Priority date: 1987-07-31
Filing date: 1988-07-28
Publication date: 1989-02-09
Also published as: JP2644027B2; EP0378545B1; ATE90735T1; GB2232421B; EP0378545A1; DE3881894T2; GB9001102D0; JPH02504405A; DE3881894D1; US5183635A; GB8718192D0; GB2232421A

Abstract

Heat treatable titanium alloys of the Ti3Al type comprise 20 to 23 Al - 9 to 15 Nb-0.5 to 1.0 Si balance essentially T; (at%). These alloys exhibit a good balance of properties at room temperature and at high temperature (600°C plus) especially when solution treated in the beta field and artifically aged. Zr, V and Mo can be included in the alloys.

Description

TITANIUM ALLOYS

This invention relates to titanium alloys based on or containing the ordered intermetallic compound Ti₃Al and having properties suitable for utilization in high temperature applications. The invention is particularly, though not exclusively, directed to materials for use as components in the compressor section of gas turbine engines.

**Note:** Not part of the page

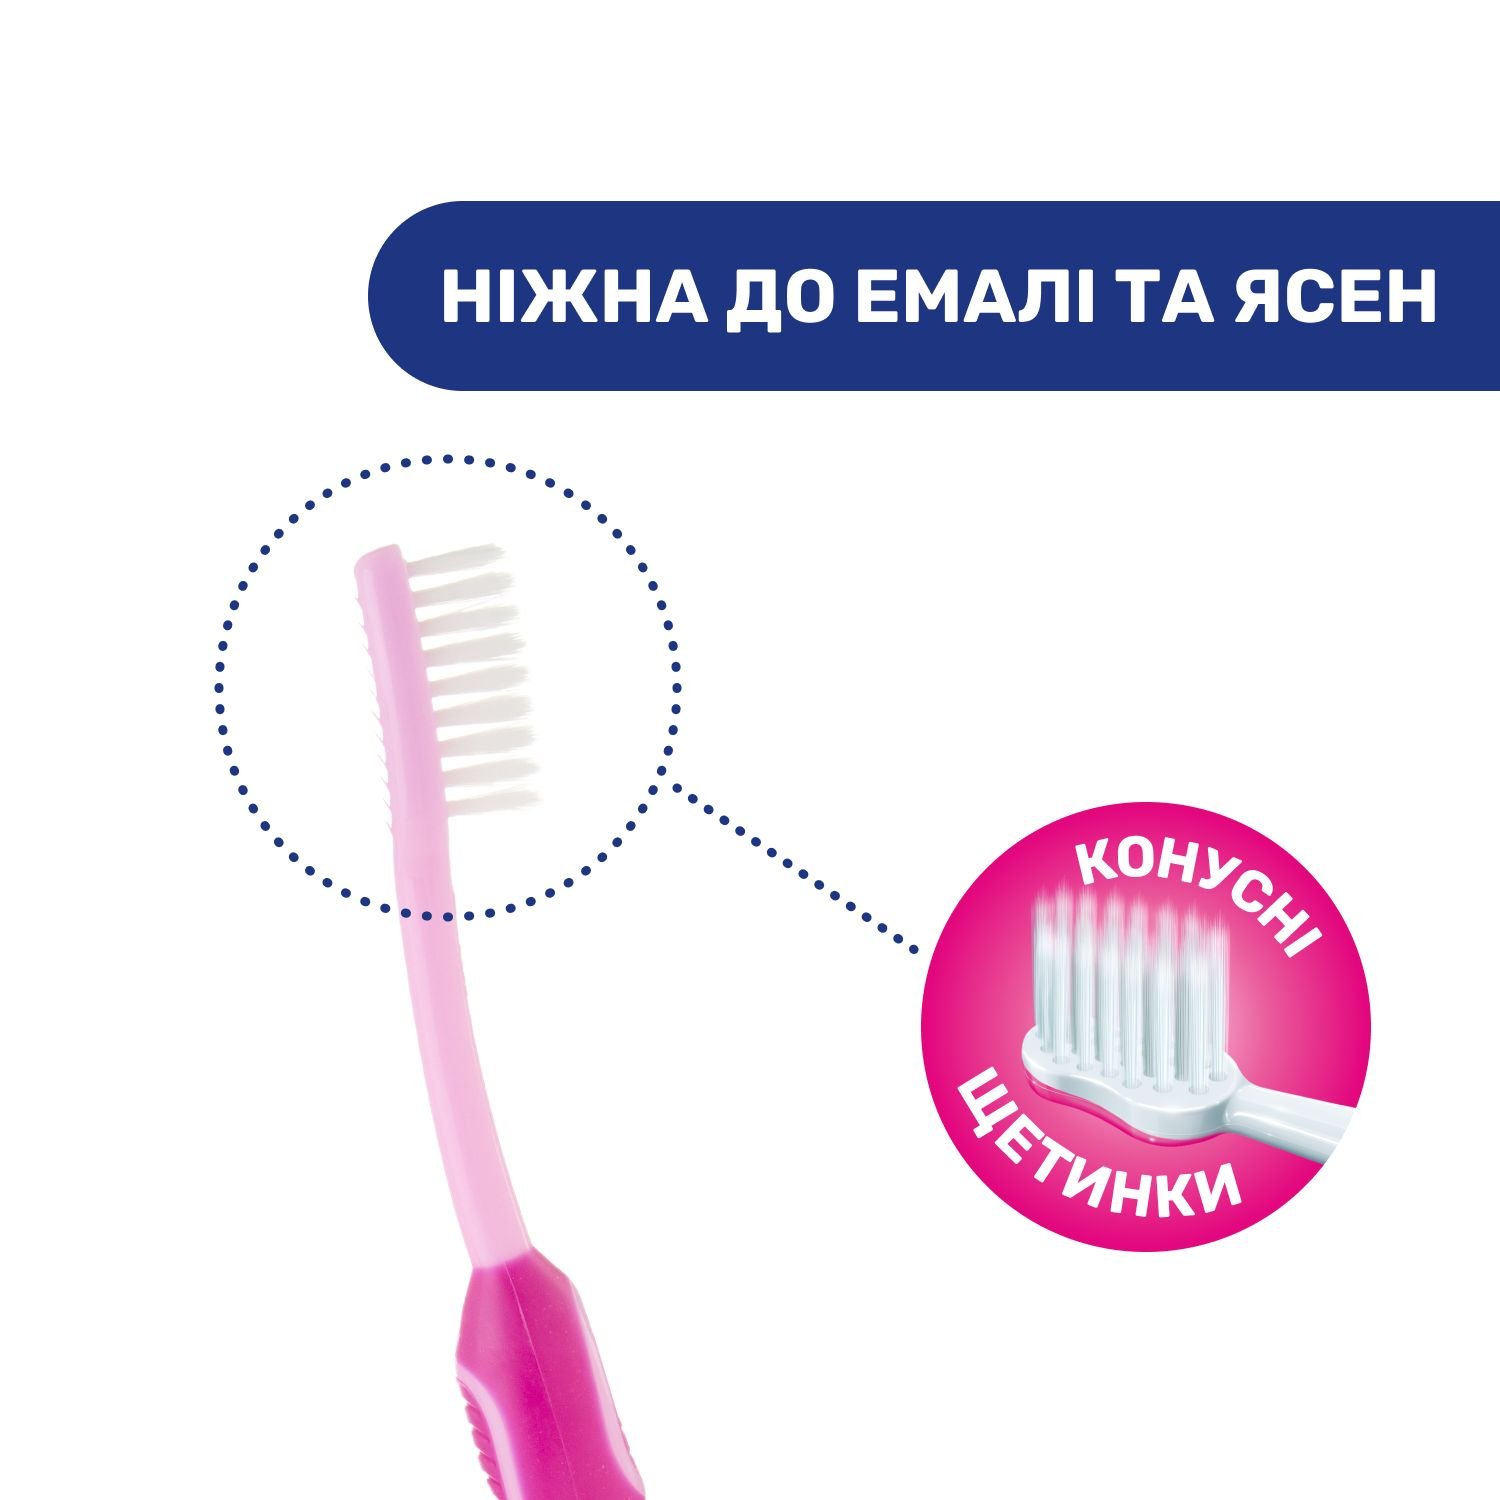 Дитяча зубна щітка Chicco Зайчик для молочних зубів, рожевий, 3-6 років (09079.10.10) - фото 4

Titanium based alloys have enjoyed significant usage as compressor section materials because of their strength to weight advantage over alternative materials such as steels. However existing commercial titanium alloys of the conventional titanium base type have limited temperature tolerance in terms of resistance to creep and resistance to oxidation. These limitations restrict the application of the established titanium alloys to the lower pressure stages of the compressor where components are not subjected to temperatures significantly above 540°C. In the higher pressure stages of the compressor more refractory materials such as iron or nickel based superalloys are used despite the weight penalty they impose. There is a commercial drive towards the 'all-titanium' compressor in order to save weight by elimination of iron or nickel based superalloy components. There is also a drive to increase the compressor pressure ratio in order to improve overall engine efficiency and this would impose an increased temperature burden on compressor section components. The established titanium alloys are based on a matrix consisting of one or the other, or a mixture of the two, of those phases found in pure titanium. These phases are the α phase which is the lower temperature phase and of hexagonal close-packed (hep) structure and the β phase which is of body centred cubic (bec) structure. The β phase is stable from the transus temperature of 882°C up to the melting point. Alloying additions change the temperature at which the α to β transition occurs. Some elements lower the β transus temperature and these are termed β stabilizers. Others which raise the β transus temperature are termed α stabilizers. The alloys are usually catergorised having regard to their predominant microstrueture at room temperature and to the nature and proportions of the alloying ingredients, into the following groups: α-type alloys; β-type alloys and α+β type alloys. The α group also includes those alloys termed near-α alloys.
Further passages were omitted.